You are very focused on your diet. which is a good thing. But maybe you are a bit over focused on it, IMO. I say this as i dont remember comming accross your weight routine in the training section, eve though you keep saying that you are doing weights. If you are training with weights to a good intensity, you should be quite tired to do much more. But seems like weight training is a low priority for you as you are able to do so much more in addition to it. So may i ask what is your weight training routine like? Do you have a journal to keep track of its progress?? and what is your final goal (weight/bf%)?

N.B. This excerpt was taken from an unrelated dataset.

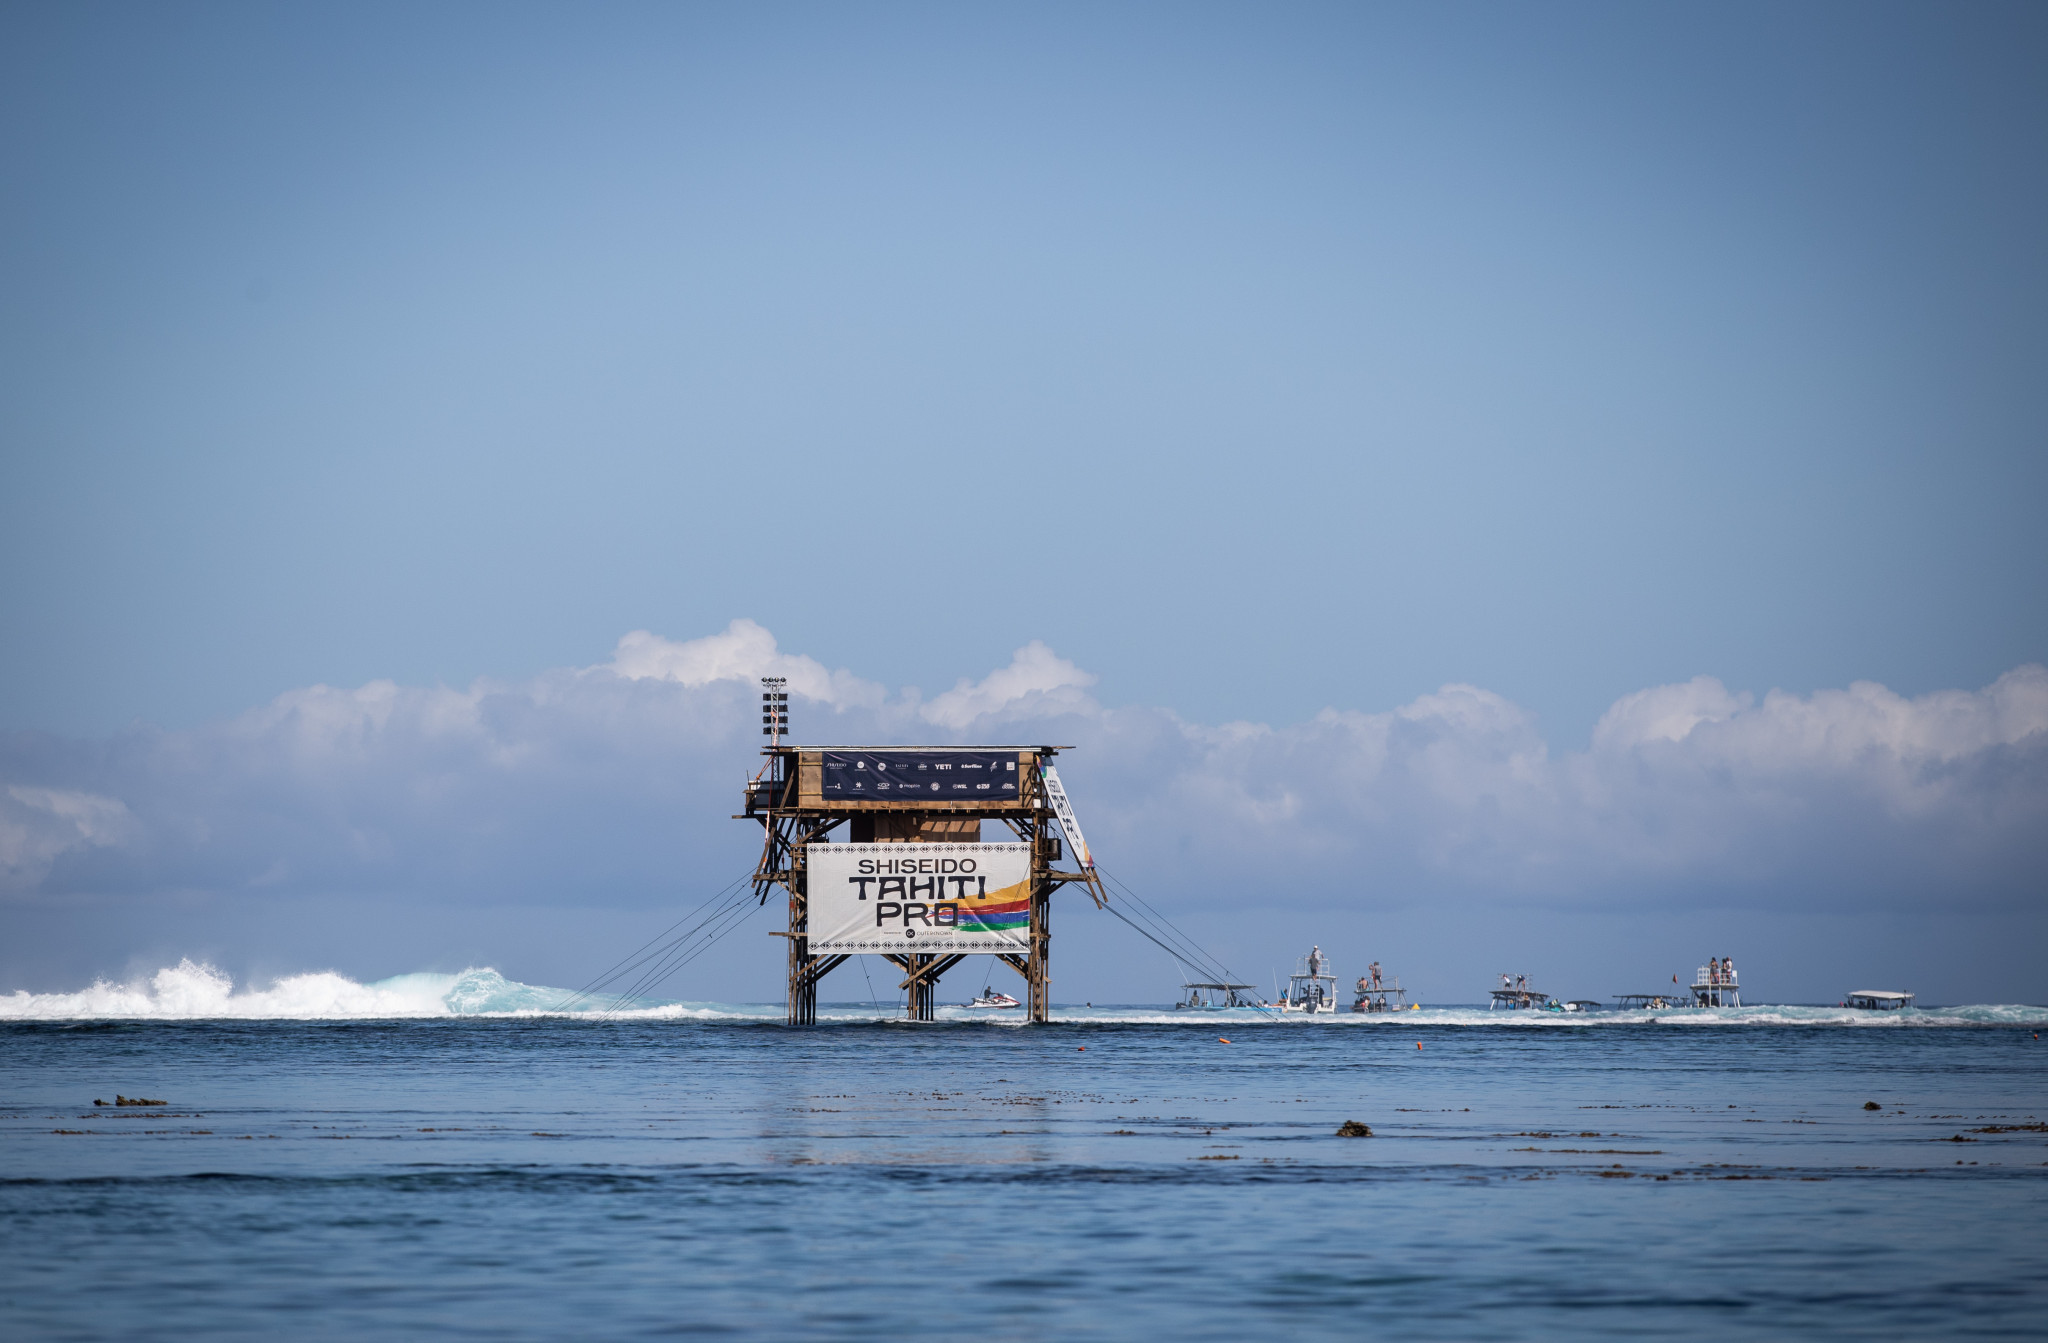 An aluminium tower is planned for surfing at the Paris 2024 Olympics, rather than the wooden structure used for the World Surf League Tahiti Pro ©Getty Images
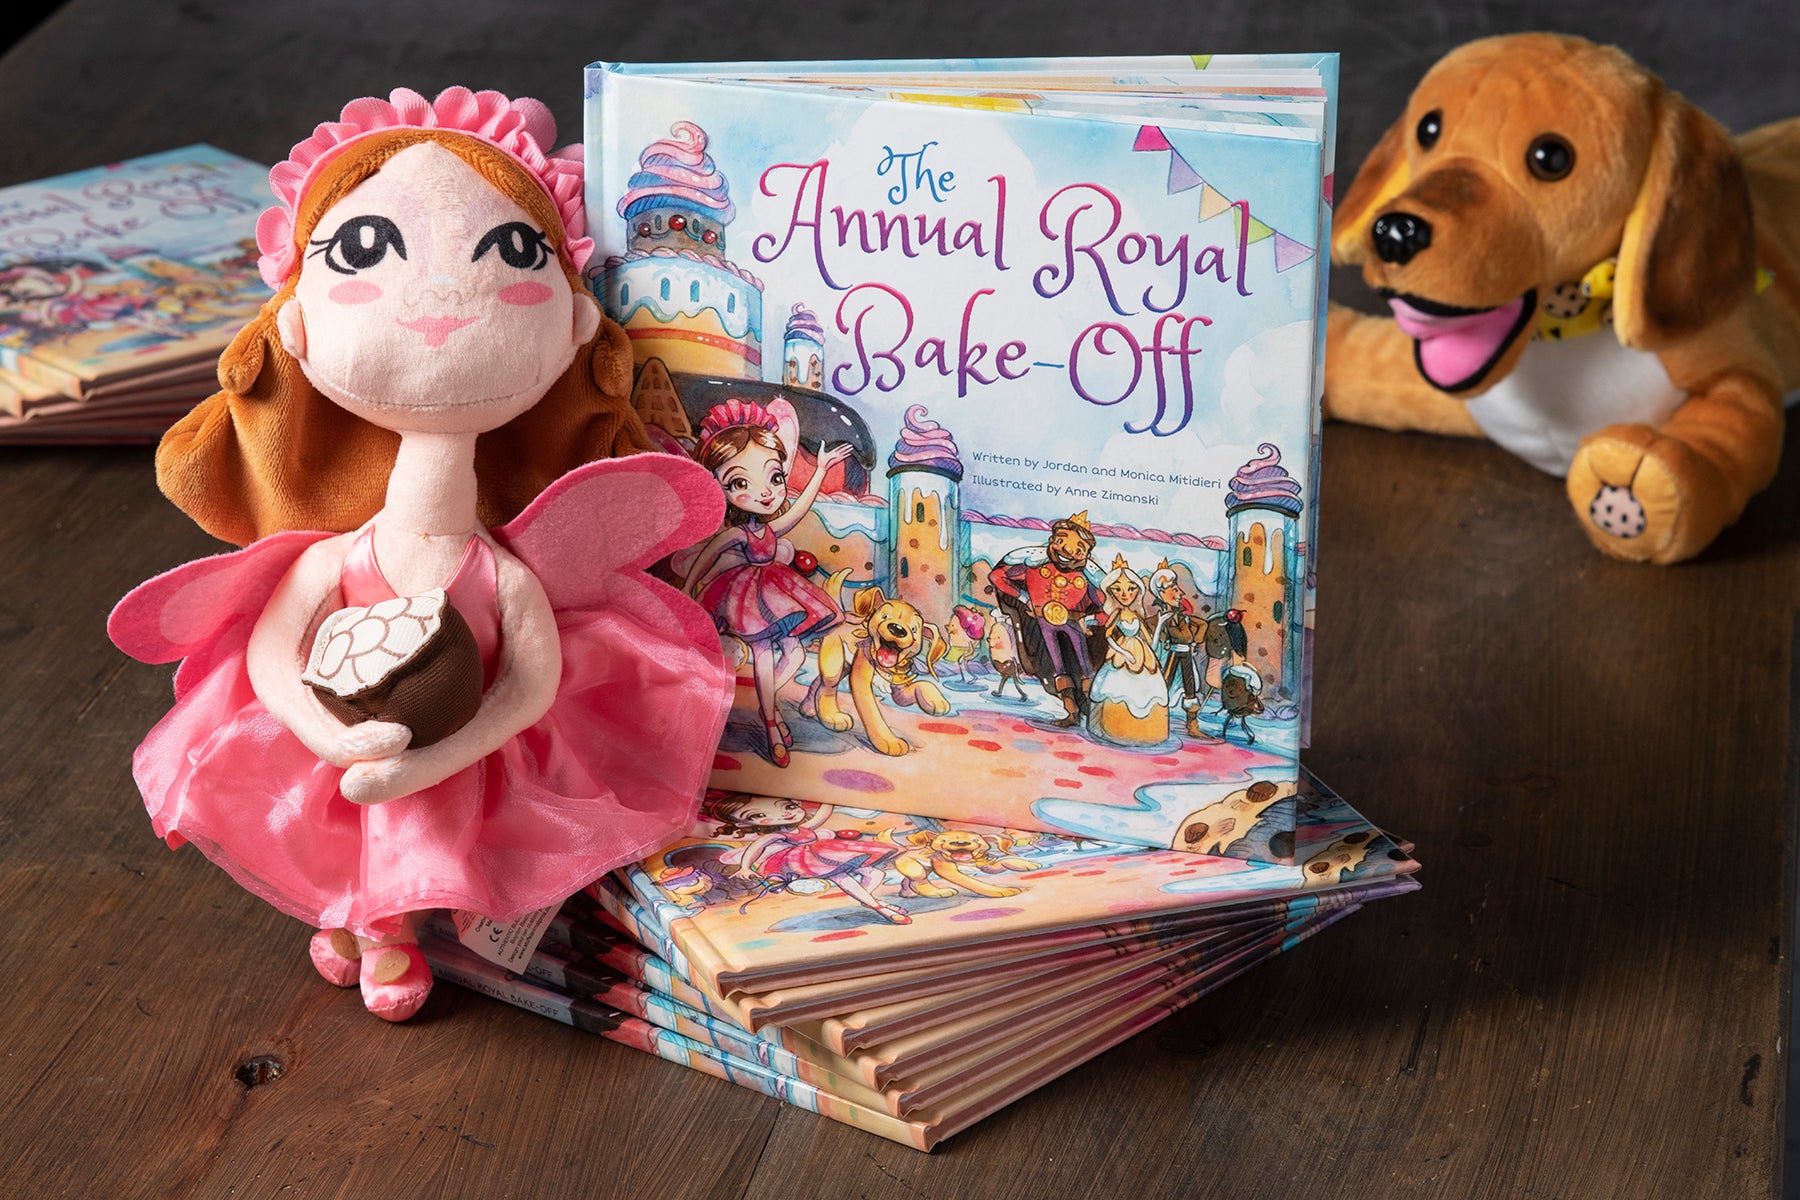 Our children's book with our two favorite characters, Lemmy the dog, and Sugarbelle, The Cookie Fairy. | Monica's Gourmet Cookies

Remember at your age you have a great advantage over most of the rest of us. You have a naturally higher testosterone level. But it will not last forever. So make the best use of it NOW to get a great body.


----------



## Tom_B (Sep 6, 2004)

Ya, that's my problem I'm so scared that instead of gaining muscle I'm gonna gain fat, that's why i do so much cardio, I figured that I could keep my fat gains really low, but at the same time I'm eating away at muscle too probably... And the reason I said 7 months is that I'm not sure if I should gain weight untill I'm 140pounds then cut for 10 pounds, or just gain some weight till i'm 130 pounds. I'll know once I reach 130 pounds. And I plan on reducing my cardio to 3x a week, just I'm gonna start to walk around some more, so I can still feel like I'm doing my cardio but it won't be as intense.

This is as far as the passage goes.